After hours of alterations and tissue fitting, here's how the tissue looks after:
1. Full bust adjustment a la Fit for Real People (I didn't use the
Sandra Betzina method after all)
2. Forward shoulder adjustment
3. Horizontal tucks at backwaist for swayback
4. Horizontal tucks at center front for petite adjustment at chest and waist
Tissue fitting reveals the need for these additional adjustments:
5. Bust needs to be lowered
6. Front princess seams need to be moved closer to bust apex
7. Increase horizontal tuck at chest--this made it more of an angled tuck.
7. Front centerline needs to be filled in with tissue to create a straight line.
8. Horizontal tuck at upper back for petite adjustment
Also, I don't need the extra room I added at the side seams
Front pattern pieces after adjustments.Hours later, first basted fitting. Not done altering! Still need:
9. Shape a little under the bust (can do this on the fly--won't make changes to pattern)
10. Sloped shoulder adjustment
11. Let the side seams at the out by about 1/4 inch
12. Let the front and back princess seams out by about 1/4 inch below the waist.
I tried it on after making those last alterations and by golly it seems to fit! I
may need to lower the armscye but it's hard to tell. I won't make any more changes until I've basted the facing in.
Now for the facing. the back facing uses the main back pattern piece, which has already been altered, but the front facing is going to need adjustments to match the altered front. I don't even know where to start so I'll just jump right in & start tucking, taping and adjusting the facing piece until it corresponds with the main pattern.
The weather has turned warm and I'll be glad to have this shell.
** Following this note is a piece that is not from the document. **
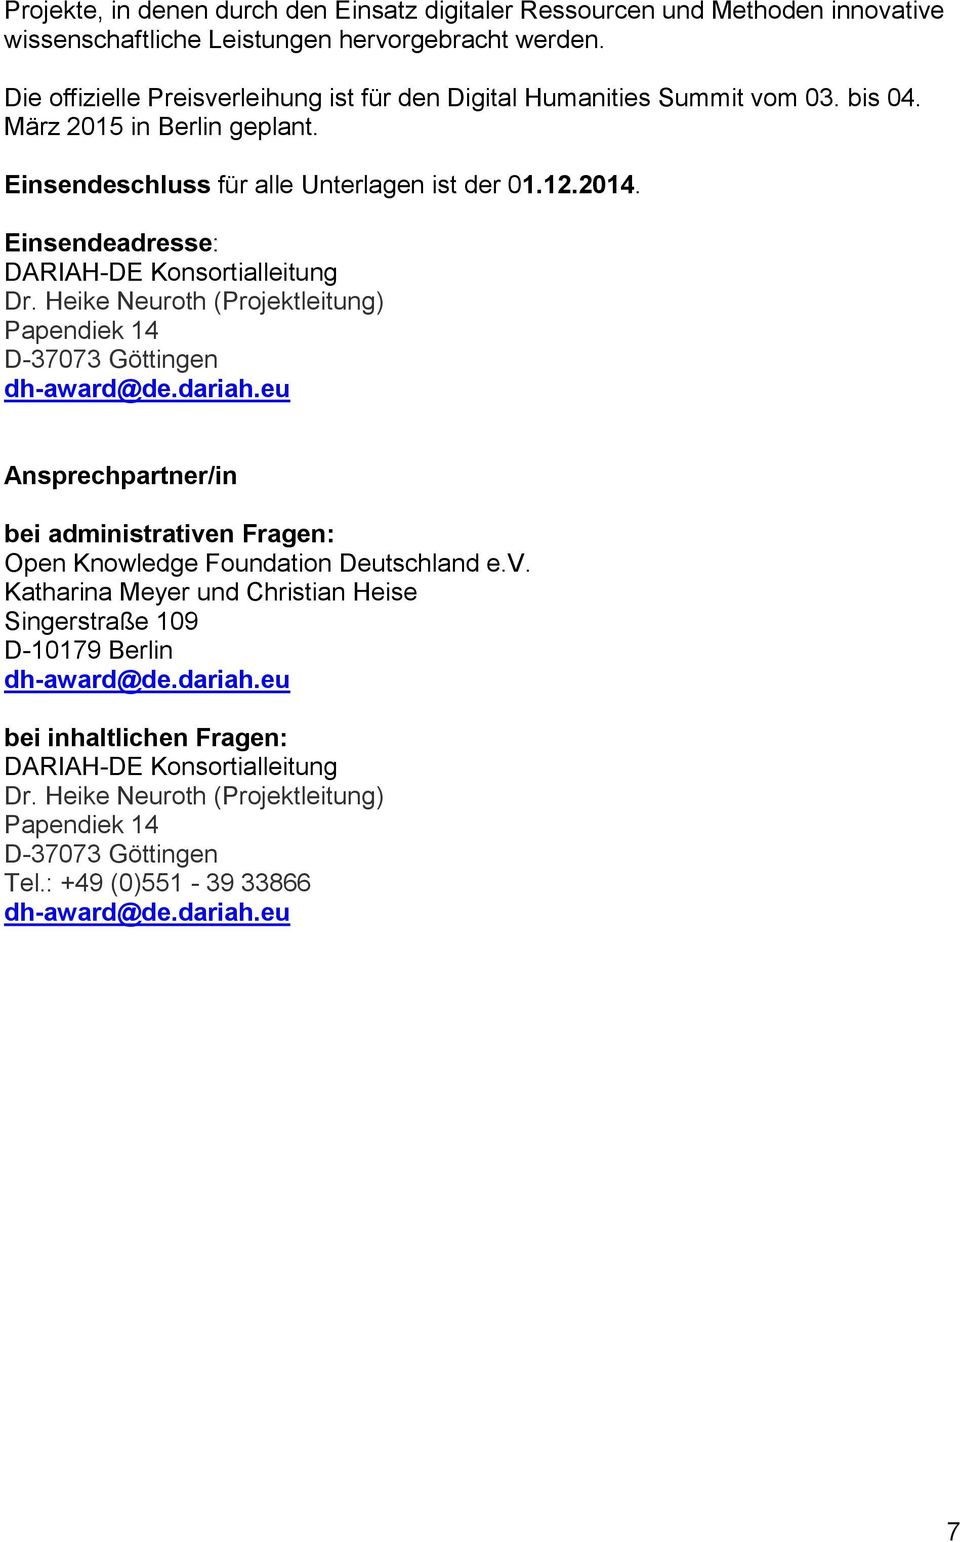 Einsendeadresse: DARIAH-DE Konsortialleitung Dr. Heike Neuroth (Projektleitung) Papendiek 14 D-37073 Göttingen dh-award@de.dariah.

Normally I wouldn't consider a sleeveless design 'cause I'm blessed with large upper arms. But, hey! It's hot outside, and they're
my arms. I didn't want to mess with sleeves while I learned to fit a princess-seam design. I can wear it under sweaters at the air conditioned office I can use this pattern as a shell under jackets and for twin-sets. And I might even wear it alone occasionally just to feel the warm breeze on my arms. I can't wait to get it finished!